El agua y los cultivos
Más allá de los temblores, en la Argentina se registran otro tipo de fenómenos extremos: inundaciones y sequías. “Se incrementan en la zona este de nuestro territorio. Las inundaciones se deben en muchos casos al desborde de ríos como el Paraná o el Uruguay, no necesariamente a causa de lluvias registradas en el país sino en las altas cuencas de los mismos, que se encuentran en los países limítrofes –indica Rebello–. Son previsibles en la medida que existan sistemas de alarma, como sucede en las cuencas del Paraná y del Río de la Plata. Si bien resulta difícil defender los cultivos, estamos hablando de regiones cuyos campos son afectados al uso ganadero. Una advertencia a tiempo brinda la oportunidad de mover la hacienda, y así evitar o disminuir las pérdidas. El problema de la falta de lluvias es parte de la variabilidad natural. A veces influye ‘La Corriente del Niño’ o ‘La Corriente de la Niña’, ambas en el Océano Pacífico; también hay forzantes locales, como la actividad en el Océano Atlántico. Sabemos que el motor de la atmósfera es mayormente la dinámica de los mares: su calentamiento, su enfriamiento, sus cambios de presión, de salinidad. Y también aparecen el granizo, las heladas o las nevadas excesivas, pero no son tan generalizados”.

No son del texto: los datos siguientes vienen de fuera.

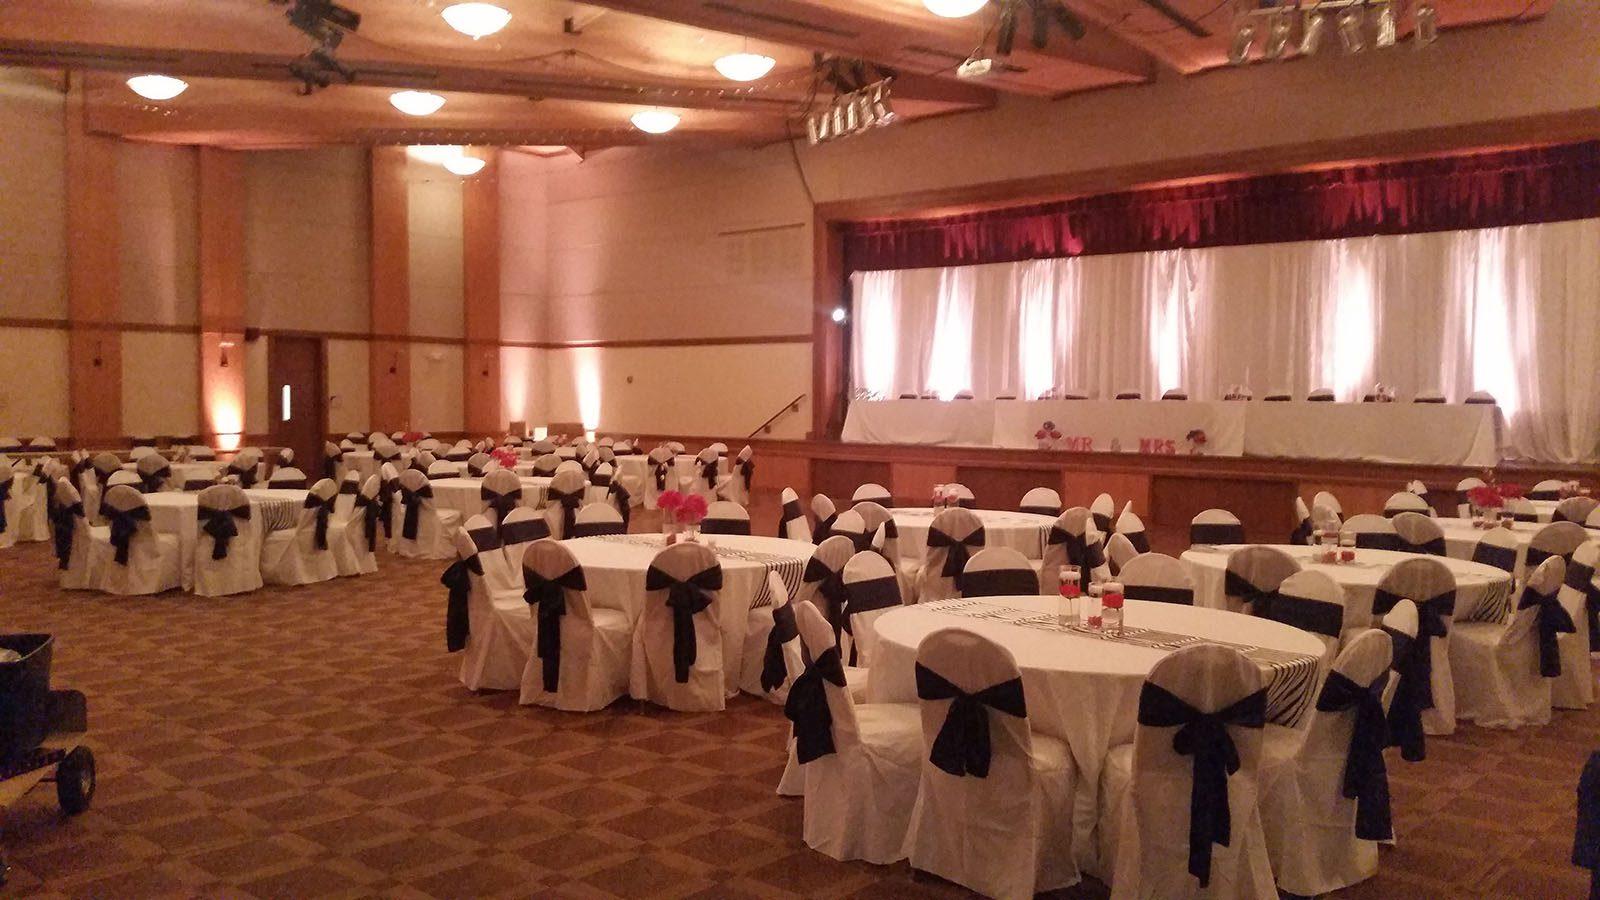 custom lighting drapery and decor

Se hace evidente la importancia de desarrollar e implementar programas de prevención adecuados (ver Un plan…) “Está demostrado que se trata de la manera más eficiente de disminuir las pérdidas humanas y económicas. Pero también hay que mejorar los sistemas de intervención. Programas que permitan actuar rápidamente una vez ocurrido el problema, para recuperar las zonas afectadas”, concluye Rebello.